According to the invention, the economic benefit measuring and calculating capability of the distributed photovoltaic slave planning, construction, operation and maintenance full life cycle can be improved, the economic benefit conditions of the current and future time period can be visually displayed, and the power-assisted distributed photovoltaic service can be efficiently developed.

Detailed Description

The following description of the embodiments of the present invention will be made clearly and fully with reference to the accompanying drawings, in which it is evident that the embodiments described are some, but not all embodiments of the invention. All other embodiments, which can be made by those skilled in the art based on the embodiments of the invention without making any inventive effort, are intended to be within the scope of the invention.

It should be understood that the terms "comprises" and "comprising," when used in this specification and the appended claims, specify the presence of stated features, integers, steps, operations, elements, and/or components, but do not preclude the presence or addition of one or more other features, integers, steps, operations, elements, components, and/or groups thereof.

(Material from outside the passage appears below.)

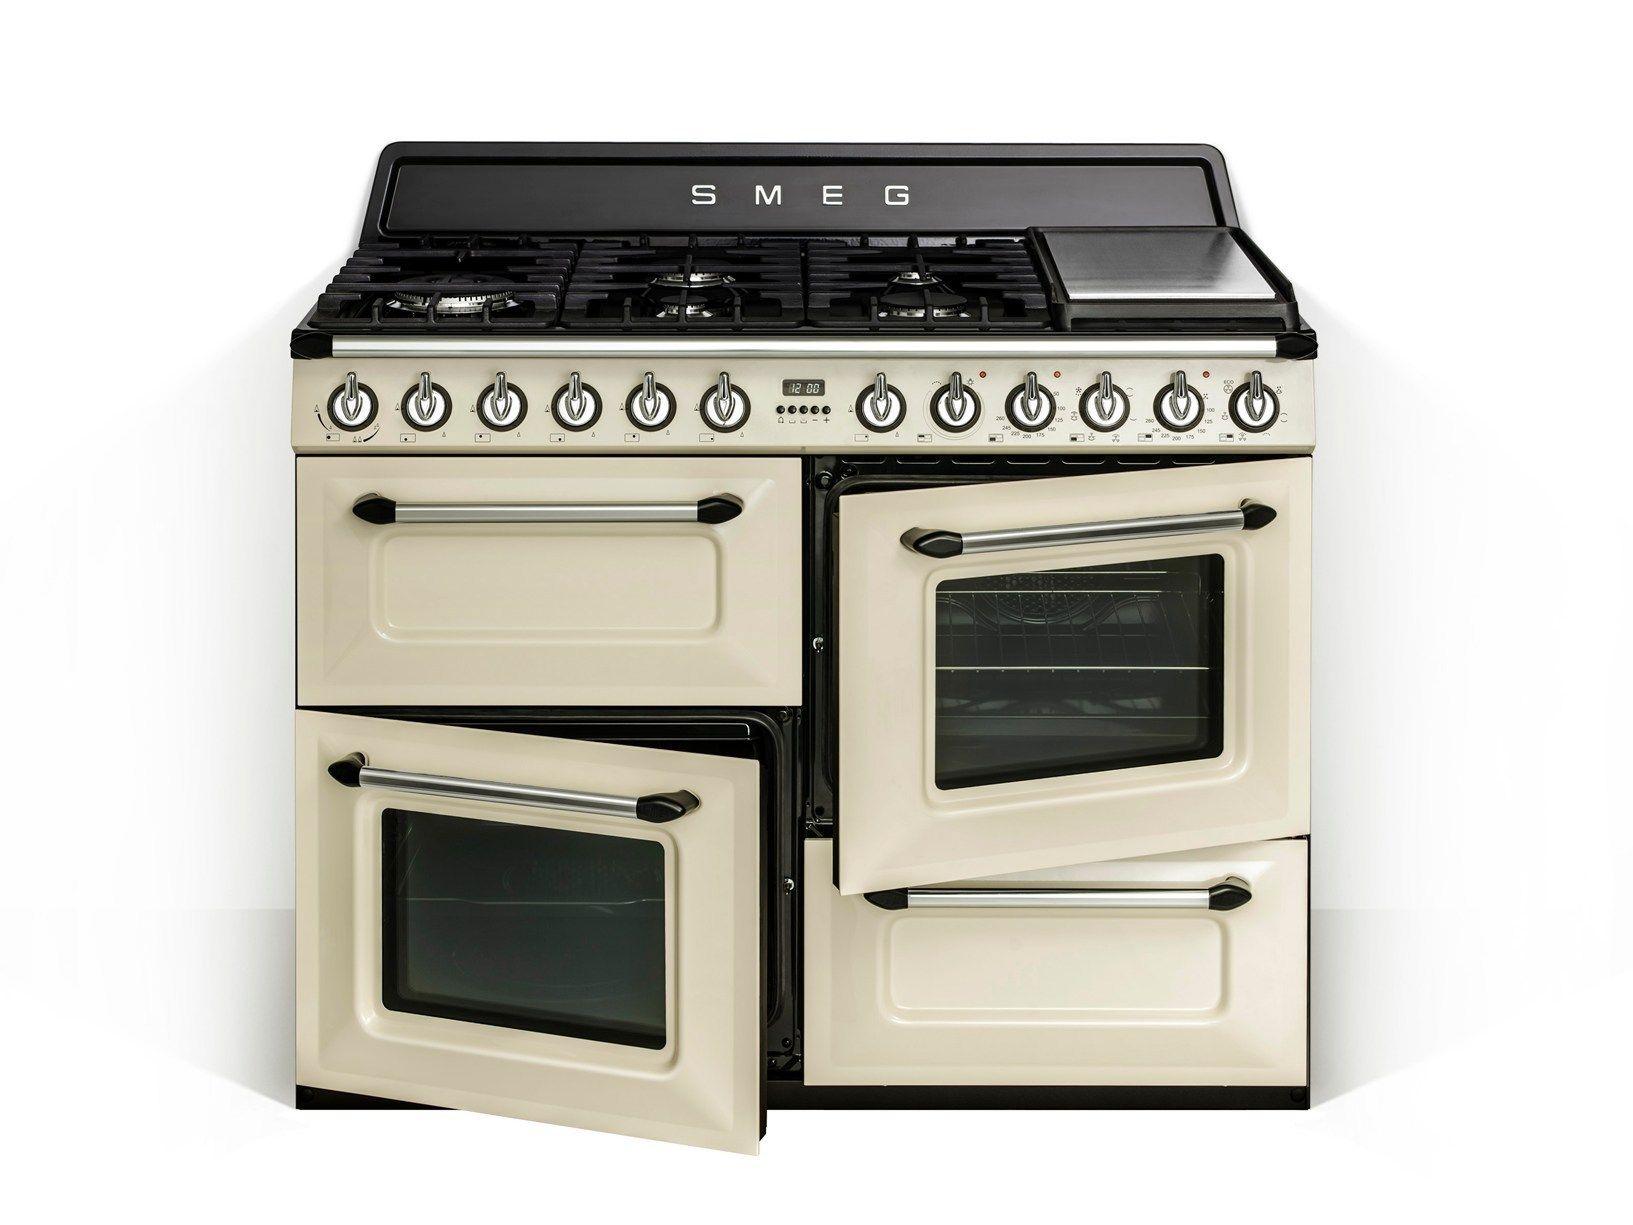 Cucine A Gas Americane : Cucine A Gas Americane : Ricerche correlate ...

It is also to be understood that the terminology used in the description of the invention is for the purpose of describing particular embodiments only and is not intended to be limiting of the invention. As used in this specification and the appended claims, the singular forms "a," "an," and "the" are intended to include the plural forms as well, unless the context clearly indicates otherwise.

It should be further understood that the term "and/or" as used in the present specification and the appended claims refers to any and all possible combinations of one or more of the associated listed items, and includes such combinations.

In order to solve or improve the problems presented by the background, the invention provides a method for measuring and calculating the economic benefits of the full life cycle of a photovoltaic as shown in fig. 1, which comprises the following steps: s1, setting a generating capacity prediction model, a generating power prediction model, a project investment cost model and a project economic benefit model; s2, constructing an economic benefit measuring and calculating framework based on the generating capacity prediction model, the generating power prediction model, the project investment cost model and the project economic benefit model; and S3, obtaining economic benefit data based on the economic benefit measuring and calculating framework and the photovoltaic project parameters.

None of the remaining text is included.